Print every record exactly.

● RECORDS TO USE
•••••

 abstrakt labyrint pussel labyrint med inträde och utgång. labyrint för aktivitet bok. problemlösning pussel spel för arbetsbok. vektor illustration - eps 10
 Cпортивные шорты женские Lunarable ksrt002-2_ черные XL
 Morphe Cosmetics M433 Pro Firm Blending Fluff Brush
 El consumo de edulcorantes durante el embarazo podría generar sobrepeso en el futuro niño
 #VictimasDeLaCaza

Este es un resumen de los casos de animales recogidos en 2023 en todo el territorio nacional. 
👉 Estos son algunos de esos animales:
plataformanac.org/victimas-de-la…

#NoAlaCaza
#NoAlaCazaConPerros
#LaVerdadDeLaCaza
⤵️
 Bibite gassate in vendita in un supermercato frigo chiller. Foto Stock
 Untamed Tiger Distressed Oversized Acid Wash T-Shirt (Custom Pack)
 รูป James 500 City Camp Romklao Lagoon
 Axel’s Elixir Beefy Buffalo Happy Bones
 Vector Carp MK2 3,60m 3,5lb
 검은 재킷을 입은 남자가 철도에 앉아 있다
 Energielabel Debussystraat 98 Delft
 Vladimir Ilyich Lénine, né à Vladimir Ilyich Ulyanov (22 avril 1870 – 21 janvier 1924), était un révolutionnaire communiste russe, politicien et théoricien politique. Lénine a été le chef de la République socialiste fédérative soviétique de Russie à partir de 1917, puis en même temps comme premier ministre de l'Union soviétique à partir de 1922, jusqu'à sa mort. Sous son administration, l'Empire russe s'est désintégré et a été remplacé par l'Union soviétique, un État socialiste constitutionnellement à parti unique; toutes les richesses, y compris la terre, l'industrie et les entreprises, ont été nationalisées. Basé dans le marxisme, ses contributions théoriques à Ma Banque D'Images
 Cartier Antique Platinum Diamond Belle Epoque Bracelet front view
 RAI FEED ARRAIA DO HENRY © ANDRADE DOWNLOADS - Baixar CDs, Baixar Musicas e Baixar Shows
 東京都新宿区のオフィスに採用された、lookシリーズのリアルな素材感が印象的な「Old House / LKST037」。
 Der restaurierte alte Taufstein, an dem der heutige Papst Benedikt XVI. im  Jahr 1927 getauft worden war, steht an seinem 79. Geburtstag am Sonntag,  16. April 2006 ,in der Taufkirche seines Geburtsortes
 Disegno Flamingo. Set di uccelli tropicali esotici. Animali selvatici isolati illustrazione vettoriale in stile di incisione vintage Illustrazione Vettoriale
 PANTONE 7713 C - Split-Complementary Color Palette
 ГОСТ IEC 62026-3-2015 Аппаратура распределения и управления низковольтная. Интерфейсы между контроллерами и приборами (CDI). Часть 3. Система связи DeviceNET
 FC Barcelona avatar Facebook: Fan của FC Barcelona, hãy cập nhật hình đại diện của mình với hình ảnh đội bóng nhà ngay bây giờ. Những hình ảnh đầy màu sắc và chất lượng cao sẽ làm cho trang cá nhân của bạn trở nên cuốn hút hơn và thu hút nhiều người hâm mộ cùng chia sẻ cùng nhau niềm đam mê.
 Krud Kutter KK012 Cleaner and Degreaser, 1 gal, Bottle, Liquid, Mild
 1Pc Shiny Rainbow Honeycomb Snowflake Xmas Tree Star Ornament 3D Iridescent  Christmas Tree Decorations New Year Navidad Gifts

•••••

● RESPONSE FOR THIS EXERCISE
 abstrakt labyrint pussel labyrint med inträde och utgång. labyrint för aktivitet bok. problemlösning pussel spel för arbetsbok. vektor illustration - eps 10
 Cпортивные шорты женские Lunarable ksrt002-2_ черные XL
 Morphe Cosmetics M433 Pro Firm Blending Fluff Brush
 El consumo de edulcorantes durante el embarazo podría generar sobrepeso en el futuro niño
 #VictimasDeLaCaza

Este es un resumen de los casos de animales recogidos en 2023 en todo el territorio nacional. 
👉 Estos son algunos de esos animales:
plataformanac.org/victimas-de-la…

#NoAlaCaza
#NoAlaCazaConPerros
#LaVerdadDeLaCaza
⤵️
 Bibite gassate in vendita in un supermercato frigo chiller. Foto Stock
 Untamed Tiger Distressed Oversized Acid Wash T-Shirt (Custom Pack)
 รูป James 500 City Camp Romklao Lagoon
 Axel’s Elixir Beefy Buffalo Happy Bones
 Vector Carp MK2 3,60m 3,5lb
 검은 재킷을 입은 남자가 철도에 앉아 있다
 Energielabel Debussystraat 98 Delft
 Vladimir Ilyich Lénine, né à Vladimir Ilyich Ulyanov (22 avril 1870 – 21 janvier 1924), était un révolutionnaire communiste russe, politicien et théoricien politique. Lénine a été le chef de la République socialiste fédérative soviétique de Russie à partir de 1917, puis en même temps comme premier ministre de l'Union soviétique à partir de 1922, jusqu'à sa mort. Sous son administration, l'Empire russe s'est désintégré et a été remplacé par l'Union soviétique, un État socialiste constitutionnellement à parti unique; toutes les richesses, y compris la terre, l'industrie et les entreprises, ont été nationalisées. Basé dans le marxisme, ses contributions théoriques à Ma Banque D'Images
 Cartier Antique Platinum Diamond Belle Epoque Bracelet front view
 RAI FEED ARRAIA DO HENRY © ANDRADE DOWNLOADS - Baixar CDs, Baixar Musicas e Baixar Shows
 東京都新宿区のオフィスに採用された、lookシリーズのリアルな素材感が印象的な「Old House / LKST037」。
 Der restaurierte alte Taufstein, an dem der heutige Papst Benedikt XVI. im  Jahr 1927 getauft worden war, steht an seinem 79. Geburtstag am Sonntag,  16. April 2006 ,in der Taufkirche seines Geburtsortes
 Disegno Flamingo. Set di uccelli tropicali esotici. Animali selvatici isolati illustrazione vettoriale in stile di incisione vintage Illustrazione Vettoriale
 PANTONE 7713 C - Split-Complementary Color Palette
 ГОСТ IEC 62026-3-2015 Аппаратура распределения и управления низковольтная. Интерфейсы между контроллерами и приборами (CDI). Часть 3. Система связи DeviceNET
 FC Barcelona avatar Facebook: Fan của FC Barcelona, hãy cập nhật hình đại diện của mình với hình ảnh đội bóng nhà ngay bây giờ. Những hình ảnh đầy màu sắc và chất lượng cao sẽ làm cho trang cá nhân của bạn trở nên cuốn hút hơn và thu hút nhiều người hâm mộ cùng chia sẻ cùng nhau niềm đam mê.
 Krud Kutter KK012 Cleaner and Degreaser, 1 gal, Bottle, Liquid, Mild
 1Pc Shiny Rainbow Honeycomb Snowflake Xmas Tree Star Ornament 3D Iridescent  Christmas Tree Decorations New Year Navidad Gifts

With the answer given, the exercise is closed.